In terms of dealing with risk relating to privacy breach, there are a number of considerations that HICs ought to keep in mind:
- Privacy class action lawsuits based on negligence law and mental distress have had minimal success in the absence of evidence of actual loss. In the absence of actual harm, damages for mental distress relating to the risk of fraud or identity theft are not compensable as they are minor and transient.
- Hopkins was brought on the basis of a privacy tort, which is an important distinction because it allows individuals to sue a HIC directly for privacy breach. If the claim is made out, there is an entitlement to damages, without having to show actual loss or harm. The scope and limits on this action remain to be determined. In the Jones case, the court noted that in the absence of loss or harm, damages for intrusion upon seclusion would be relatively modest. The potential risk relating to a class action lawsuit becomes much more significant given the number of individuals who may be impacted.
- It is increasingly important for HICs to be able to demonstrate that they have taken reasonable steps to address the privacy and security of PHI. This includes having comprehensive policies and procedures (including a privacy breach protocol), ongoing training of staff and agents, monitoring for compliance and auditing of electronic systems. It is important to be aware of changes in privacy and technology standards and guidelines, and to incorporate these into practice.
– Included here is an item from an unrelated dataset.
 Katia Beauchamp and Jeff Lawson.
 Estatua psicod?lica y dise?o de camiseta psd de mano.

- Given the significant risk, the manner in which potential privacy and security breaches are investigated, managed and communicated, including patient notification and look back becomes critically important. Early involvement by legal counsel is essential.
- HICs must continue to take a risk managed approach to addressing privacy risk, including when they are involved in information sharing initiatives or are contracting external service providers. From a contractual perspective, the potential mechanisms that are available require an analysis of the organization’s risk tolerance.
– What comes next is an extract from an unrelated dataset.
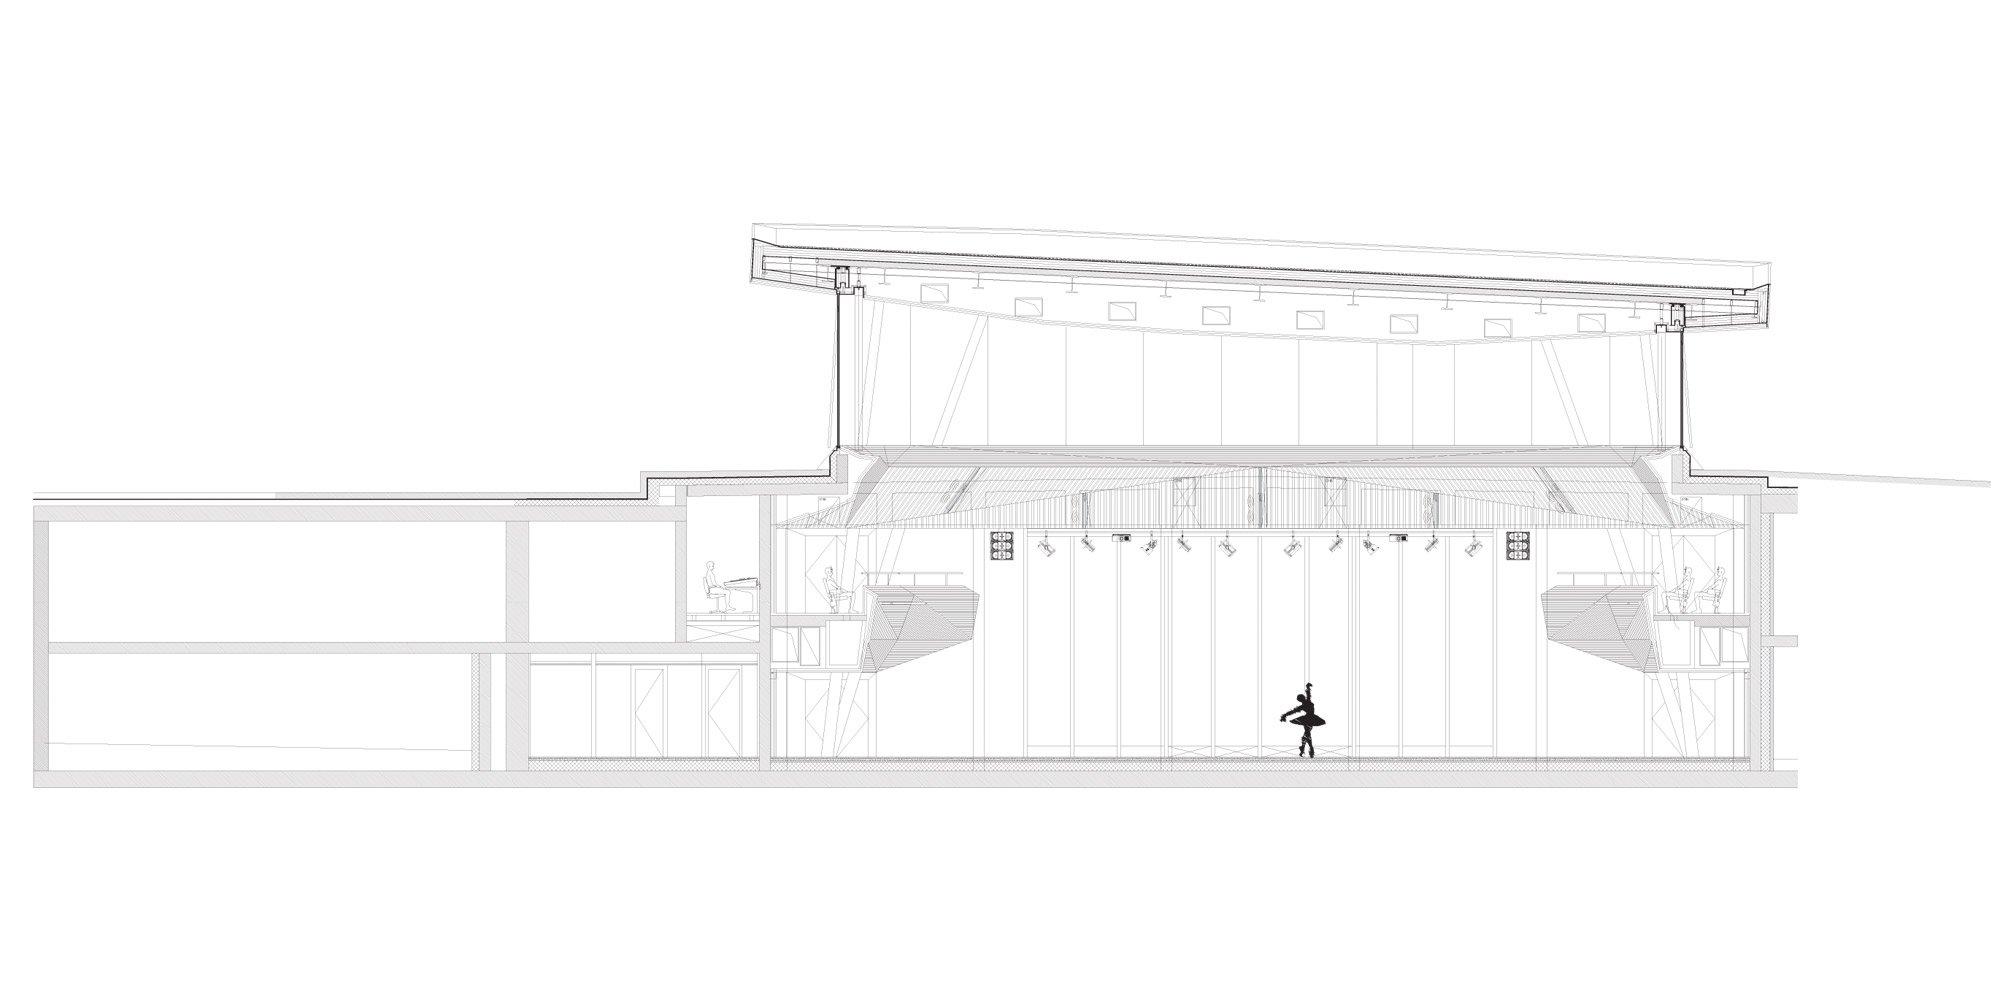 Sezione BB © Studio Seilern Architects

- Privacy risk can be very effectively managed through an enterprise risk framework. Depending on the HIC’s risk tolerance, it may look at strategies to avoid risk; to manage or mitigate risk; to allocate or share risk; or, to transfer risk, for example, through mechanisms such as insurance.
- Privacy risk may also relate to the cost of privacy breach notification and containment programs, particularly since notification of patients is mandatory under PHIPA. Where the privacy breach involves a large number of individuals, the cost of identifying and notifying individuals who have been impacted, and managing the breach, requires a significant expenditure of time and organizational resources. In some cases, additional measures are required to protect against risks such as identity theft, for example, credit monitoring services.
- Cyber and privacy risk protection is often not included in standard insurance coverage that is available to HICs. This may require the purchase of specific insurance products or coverage. There are a number of insurance products that are available that deal with cyber risk, data security and privacy breaches.
In the face of unprecedented change to the privacy landscape, the Health Industry should continue to take a risk managed approach to address privacy risk and to monitor how it evolves. Perhaps more importantly, these issues raise significant public policy questions for a publicly funded health care system that is already under tremendous strain, where privacy legislation places ultimate liability on the individual HIC and where there is an absence of a provincial solution.